Tips for medical students

Top 5 Best Tips For Medical School

Being a medical student is challenging and hard, especially when it comes to learning all the volume needed to pass the clinical exams. However studying is basically a way and assimilating what you need in order to pass exams. Its a step by step process at deciphering information.

1.Learn how to manage your time

The most important skill you will have to manage as a medical student is time management. Time in medicine is limited and precious, therefore managing your time efficiently is a skill to effectively use time wisely and not leave everything before the exam period or study week.

To study as you wake up, when you eat and before you go to bed can be extremely important as you can manage to revise a huge chunk of information from your phone. so carry your phone with you and if you have 2hrs to kill on a plane, train, car or that movie interval just revise some hard topics and make some Anki flashcards and review them later.

Great mobile apps for time management include Google calendar (already on most google devices), Tick Tick and Toggl. I find that Toggl was a pretty easy app to use, that helped me stay motivated and that also helps you evaluate where your time is being wasted, also uses a similar calendar setup like the one Google uses.

2. Network Network Network

Medical school isn’t only about studying and getting grades, its about developing soft skills and networking. Networking can help you obtain past papers, get answers other students gave to complex questions, form groups to study with and make life in medschool less boring and more fun.

Network your butt off and organize stuff as teams/groups.

Great ideas for networking are setting up weekend Trips, putlocks, pick nicks or just a meet up at your local gym or coffee shops and enjoy some great coffee and some good food while you discuss and contemplate topics that have been bothering you. (COVid restrictions apply as of 2020)

Medical students seem to be overly focused on studying. Studying is needed to pass the exams however if you don’t network at university when will you?

During my pharmacy course and medical course i met loads of people from Law school, business, accounting, architecture, medicine, geographical societies, psychology and the arts. Networking helps to diversify your thinking and your become less subjective to the reality around you. Meeting loads of people generates and open mind.

From my networking I grew my interest in languages, an area I never had an interest in before and that’s how I started studying Japanese during university. One of the guys i met during my networking events was formerly a banker turned software developer, who also inspired me to try to study some coding and blogging at least a few times per week. I am now studying HTML5, CSS3 and Programming in C.

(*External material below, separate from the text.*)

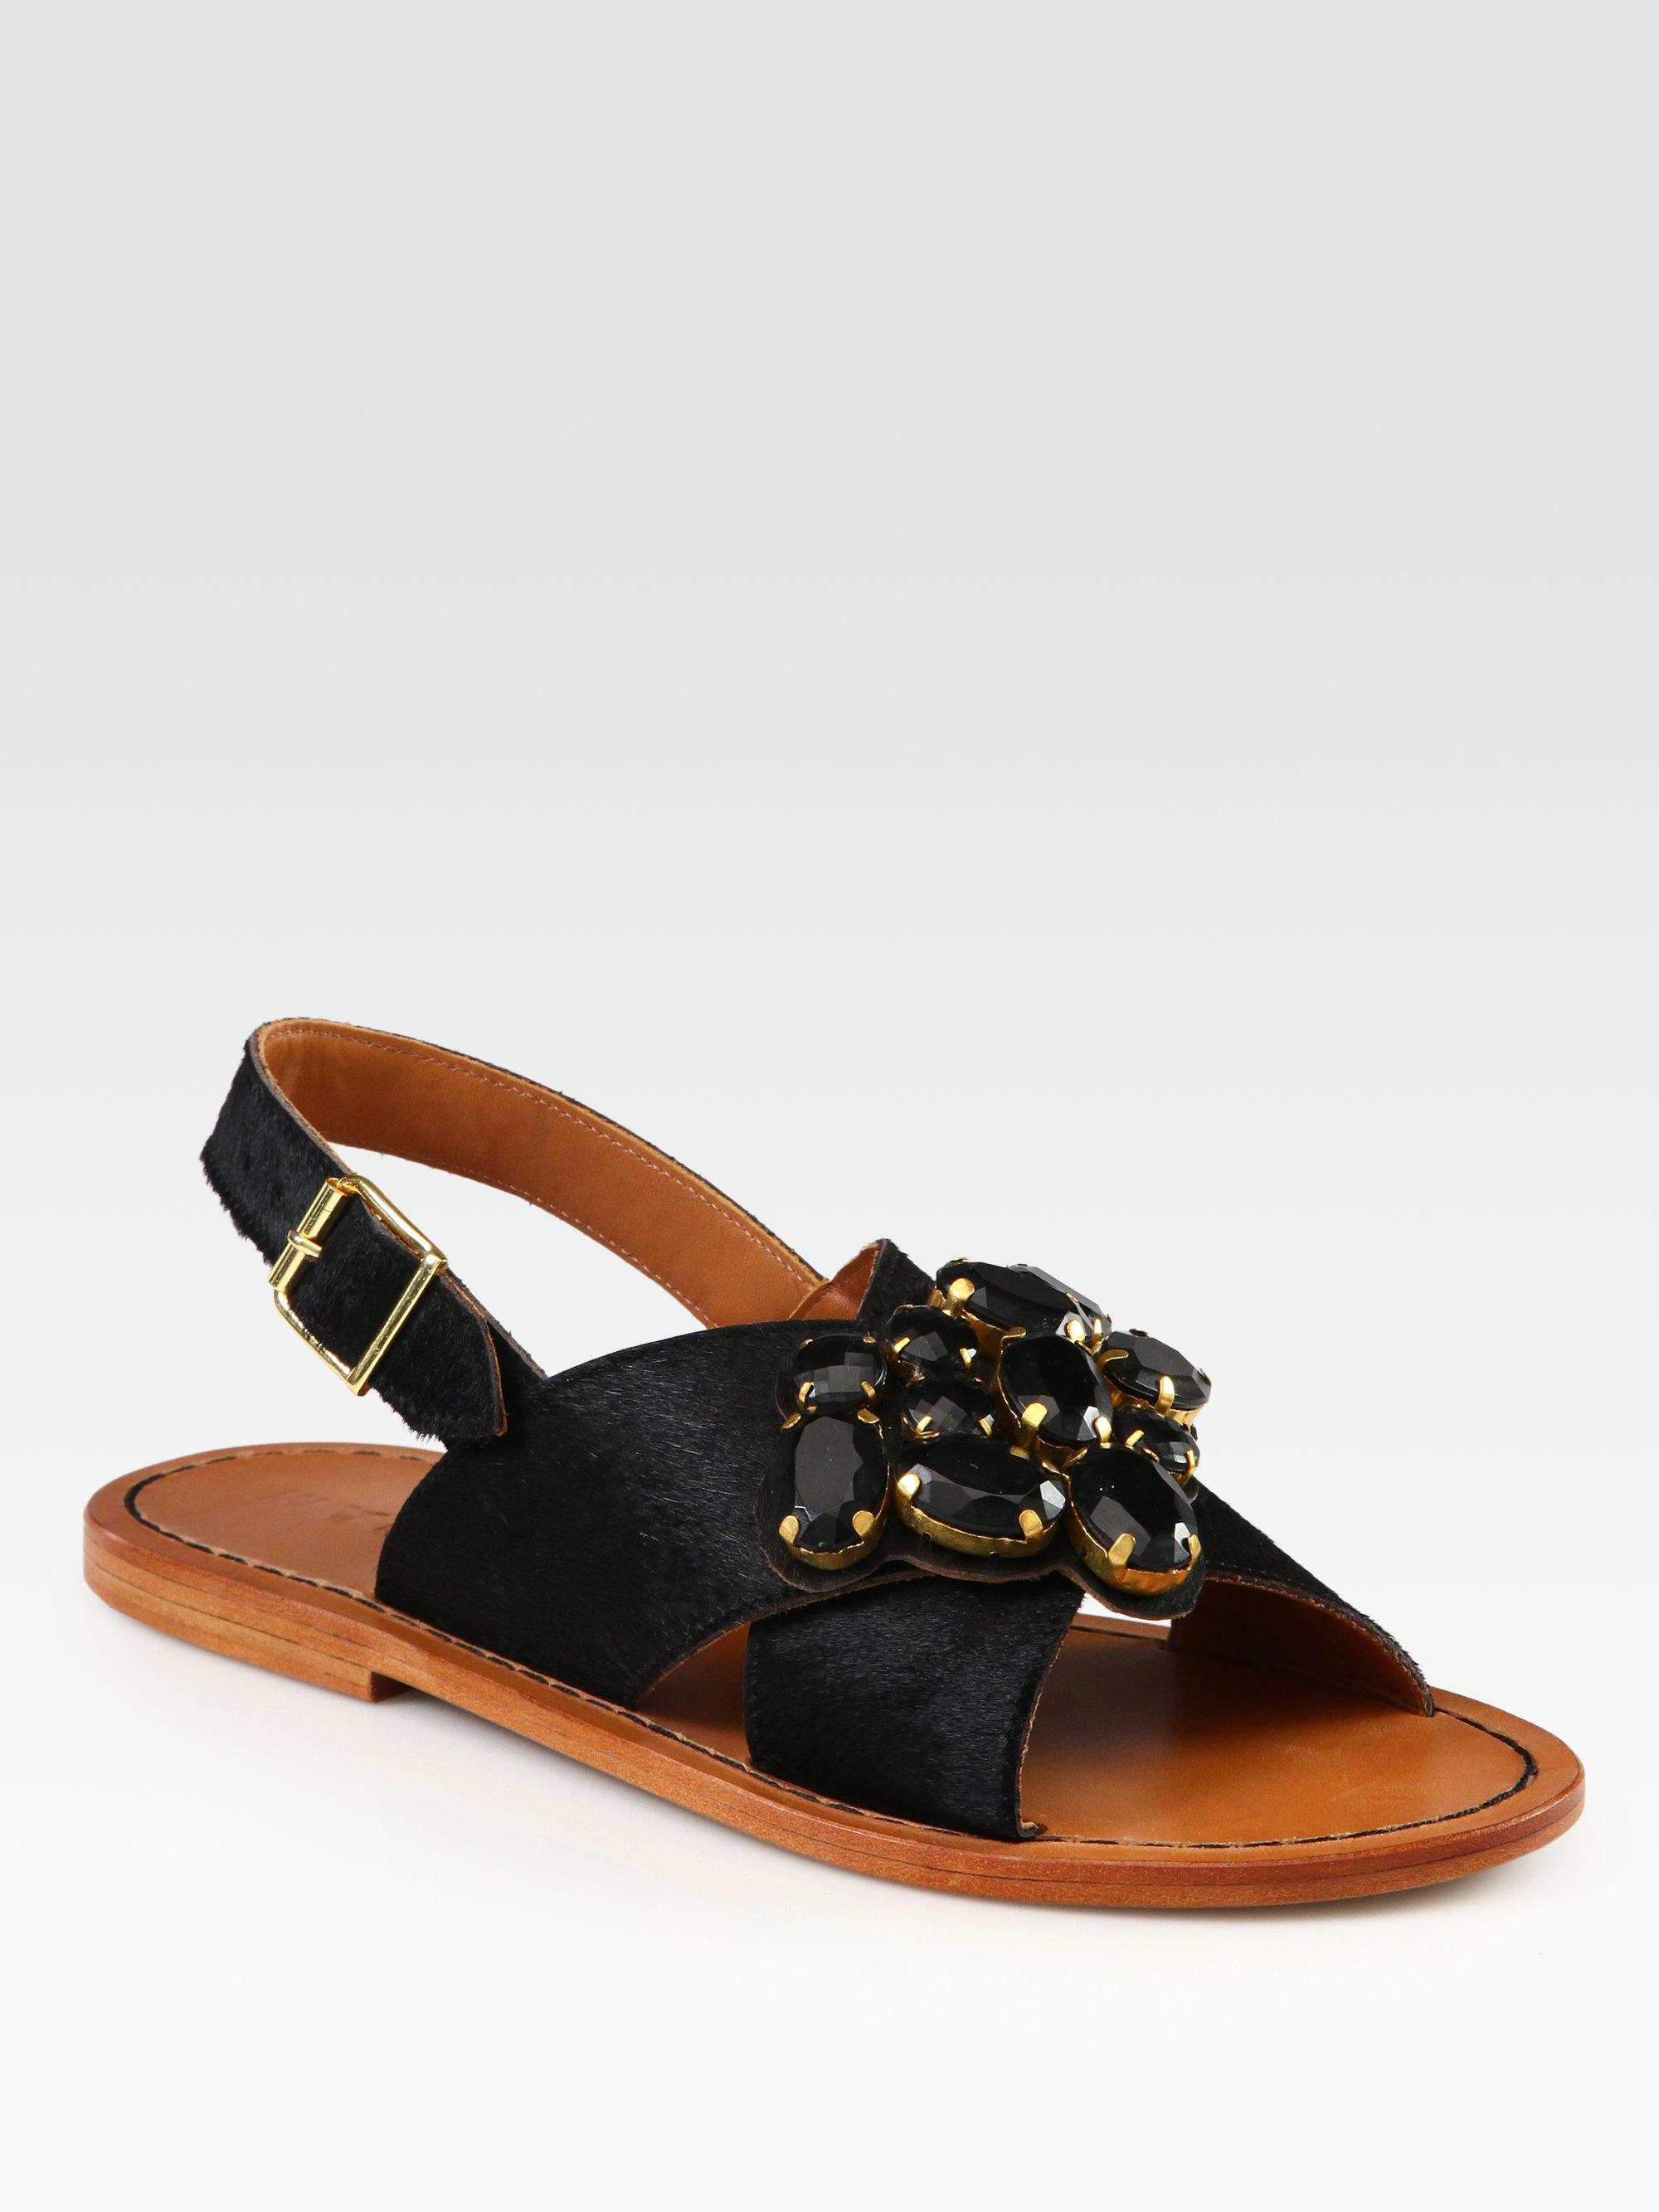 f1ed6cf0e Lyst - Marni Jeweled Calf Hair Crisscross Sandals in Black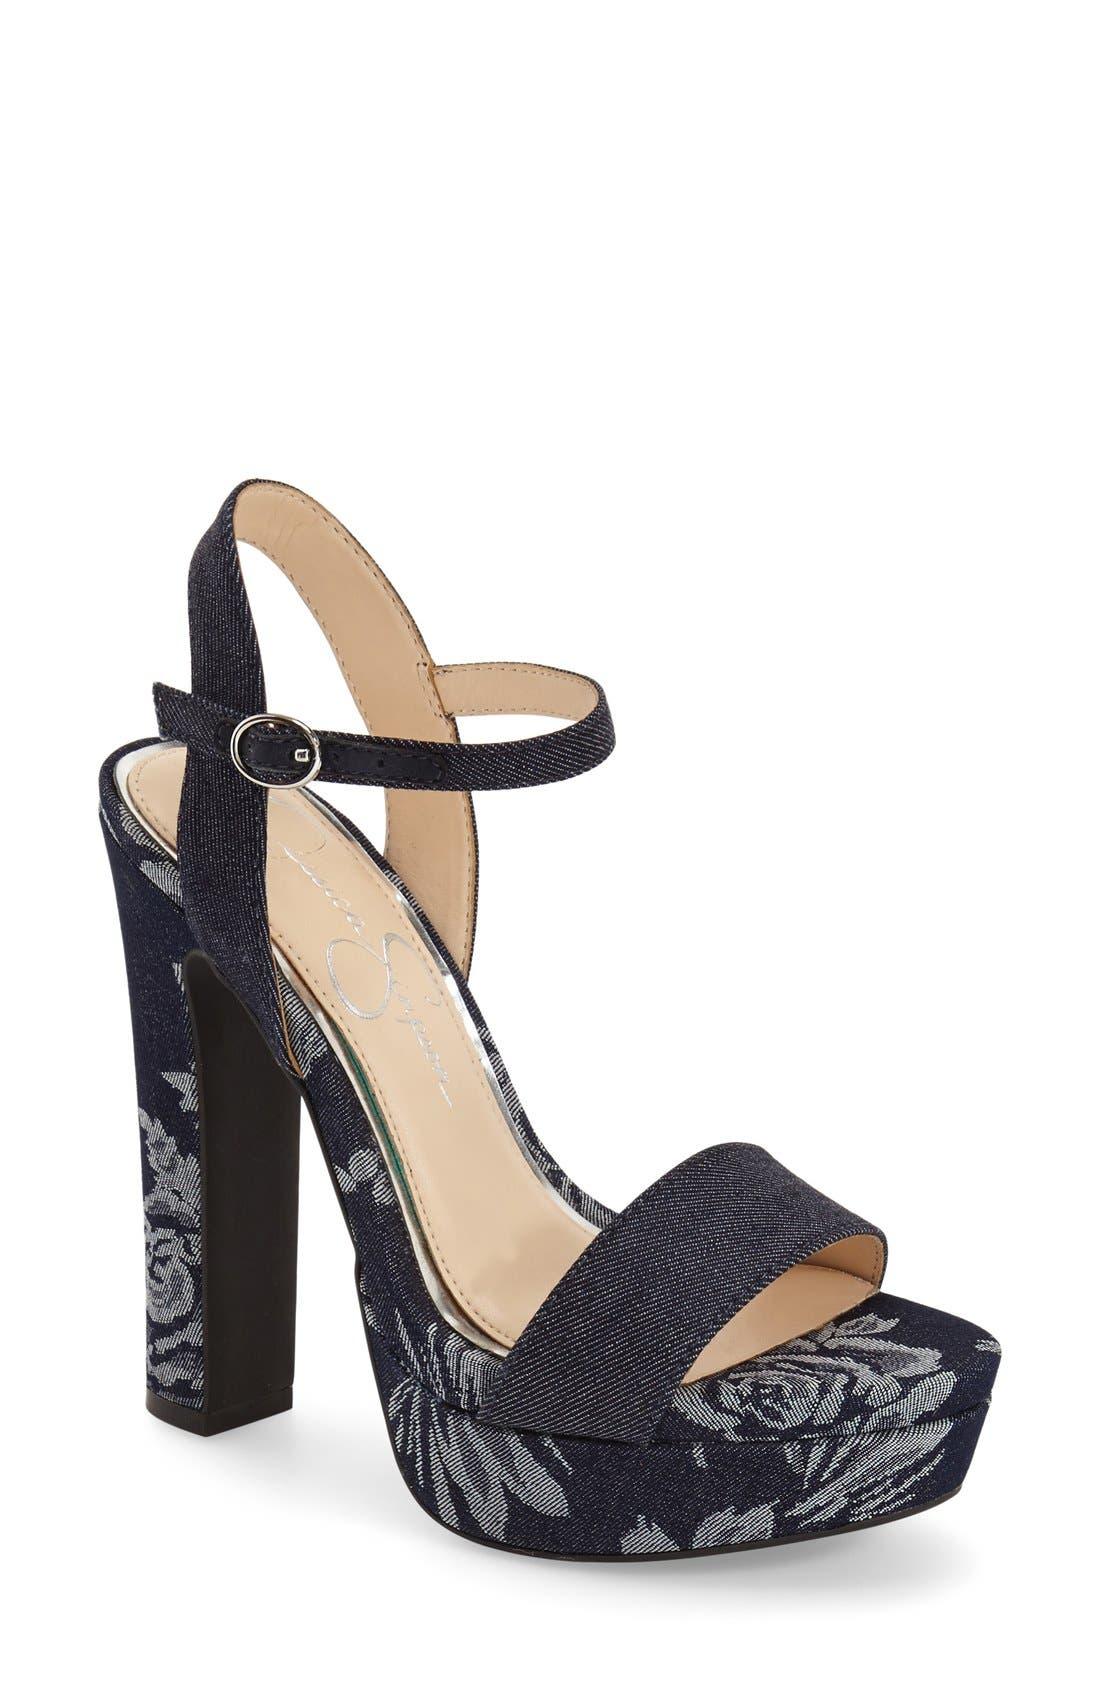 Main Image - Jessica Simpson 'Blaney' Platform Sandal (Women)

3. Listen to your seniors find a Medical buddy

Our medical school in Malta had a medical biddy system that was a great way to help out younger students with queries and problems they would encounter especially its a great amount of help in your clinical years!

Having an older medical student guide you is a blessing, as they would have gone through the exam process and would have gained experience on the wards. possible you are more likely to learn from a senior medical student than a consultant as they would have more time to meet up and help out and less work commitments.

4. Use free online resources

There are loads of free online resources for medical students, such as blogs, YouTube videos and question banks. The best way to learn a subject is by far spaced repetition and the use of mind maps and flashcards. Systems like Anki help you create free flashcards that can be easily reviewed later on the phone, tablet or laptop.

Online flashcards and note taking apps help you to learn how to summarize a huge chunk of information in a short period of time.

Youtube videos are totally free and you can find awsome amounts of information covering all topics. Great channels include Geeky Medics, Osmosis, Armando Hasudungan, Dr Najeeb and human anatomy education (basically anatomy, anatomical sections and surgical anatomy).

5. Get hands-on experience early on

Although reading books is great, if your really want the learn medicine you must practice on the wards, dummies or on fellow students!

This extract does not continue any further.